MONEY and BANKING STORIES LOW GRAPHICS

 

STORIES ABOUT GOLD AND SILVER MONEY
Free Silver   Wizard of Oz

 

Luke Beata:  Free Silver

In U.S. History, the phrase 'free silver' refers to the political movement which championed the unlimited coinage of silver. It became an important issue following the Panic of 1873 and continued to be until the close of the century. The economic strain felt in 1873-1878 brought about the support of cheap money as advocated by the popular Greenback party. On account of both American and European demonetization of silver and increases in mining production, the market price of silver fell rapidly following 1873. As inflationists failed to achieve paper money expansion, they turned to silver. They hoped that the free coinage of silver would aid their cause as well as both the Greenbacks and silver mining interests. Such demands contributed to the Bland-Allison Act which provided for limited coinage of silver at a ratio of 16 to 1 with gold. Such a compromise, however, was unable to halt the decline of silver prices or to increase the circulation of money. During this time, the decisions over money were being divided along regional lines. Sound currency and the gold standard were favored by the financial powers in the East. While the indebted agrarian population of the South and West desired inflation to lessen their debt burdens. By 1890, the strength of silver interests had reached a high and another compromise act was passed, the Sherman Silver Purchase Act. The Act called for increased government purchases of silver.
 

 

 

 

 

Further, in 1896, free silver was espoused as a major issue of presidential candidate William Jennings Bryan. However, Bryan's defeat was met with an increased supply of gold and a returning prosperity for Americans. The power of free silver advocates was again lessened. Nevertheless, silver interests maintained some political presence in the 1900's. For example, under F.D.R's presidency, the government made massive purchases of silver. But by the 1960s, the U.S. Treasury terminated the use of silver in coins and went on to sell its surplus stock of silver in 1970.

References

Dewey, D.R. Financial History of the U.S.(12th Edition,1968)

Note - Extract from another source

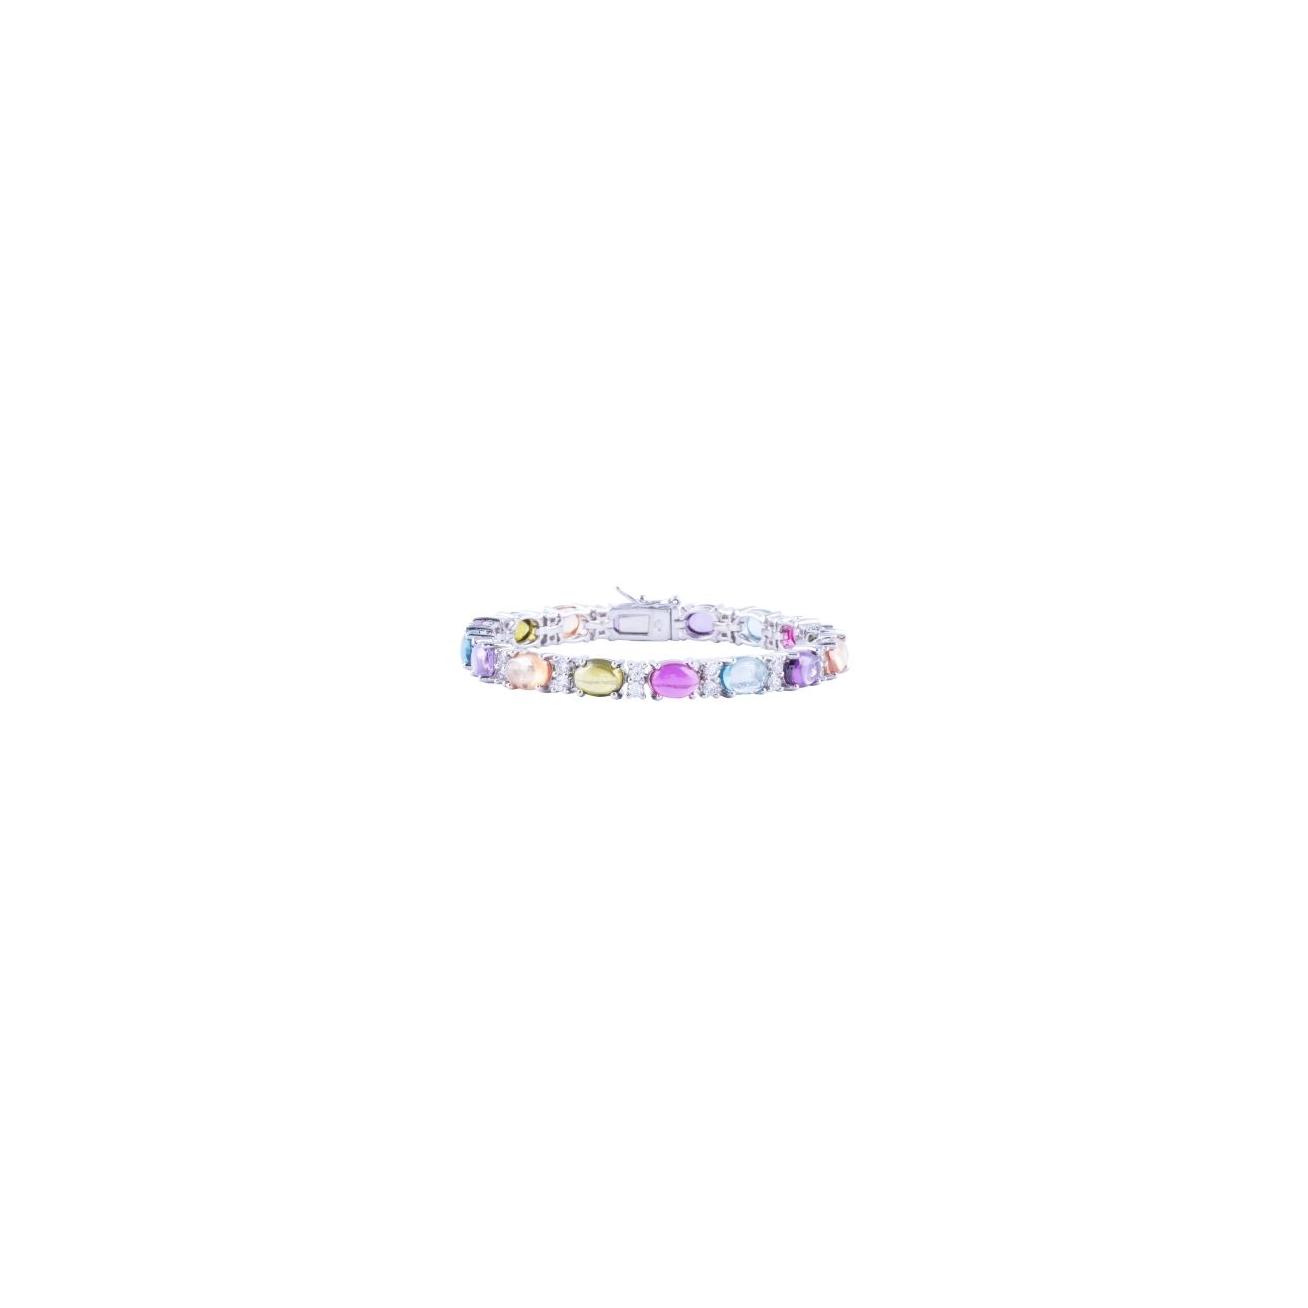 Multicolor oval cabochon tennis bracelet

Hepburn, A.B., History of Coinage and Currency in the U.S. (1967) Personal Knowledge

 

Kristan  Donahue:
The silver debate of 1896
and The Wizard of Oz


Unexpected changes in the price level can facilitate a redistribution of wealth within a society. This occurrence will often result in a great deal of political unrest. If one is to consider the United States during the period 1880-1896, it can be characterized as a period of deflation. The price level during this time fell by 23%. This created a situation where creditors were happy and debtors were not. This presented a problem and solutions were proposed to reconcile the situation. One such solution was a call to replace the gold standard with a bimetallic standard. This way, gold and silver could be used in the minting of coins. The creation of a bimetallic standard would lead to an increase in the money supply. Furthermore, deflation would be put to a halt. In the heat of the dire economic situation, a presidential election was on its way. Needless to say, the debate over the use of silver became the focus of the 1896 presidential election. William McKinley, the Republican nominee, and William Jennings Bryan, the Democrat candidate, competed on contrasting platforms concerning the bimetallic standard. McKinley strongly supported sticking to the gold standard. William Jennings Bryan, on the other hand, believed it was unnecessary to remain stuck on gold. The candidate's opposing viewpoints were representative of their establishments. McKinley was a conservative from the east, which is where most bankers (creditors) were situated. William Jennings Bryan was representing the southern and western population, which, for the most part, was made up of farmers (debtors).
 

 

 

 

 

Oddly enough, the silver issue of 1896 has found its way into the ever-popular children's book, The Wizard of Oz. The book was written shortly after the election of 1896 by a journalist from the Midwest. As the story goes, Dorothy is a girl who finds herself far away from Kansas and lost in an unfamiliar place. In relation to the silver issue, Dorothy represents traditional American values. The three friends she meets during her journey: the scarecrow, tin man, and lion represent the farmer, the industrial worker, and William Jennings Bryan, respectively. The lion is representative of Bryan because the lion is said to have a roar that exceeds his might. The four characters journey along the yellow brick road which is representative of the gold standard. The four characters are in a pursuit to find the Wizard who will have the power to send Dorothy back home. At the end of the story they arrive at Oz, which is the equivalent to Washington. Here, everybody sees the world through green glasses or money, in relation to the silver issue. The Wizard of Oz makes an attempt to be all things to all people. But in the end, he is really just a fraud. The Wizard represents William McKinley. The story ends with Dorothy's problem being resolved when she discovers the power of her silver slippers (In the original, her slippers were silver, not red).

references

Mankiw, Gregory. Macroeconomics-Fourth Edition.Worth Publishers: New York, 2000.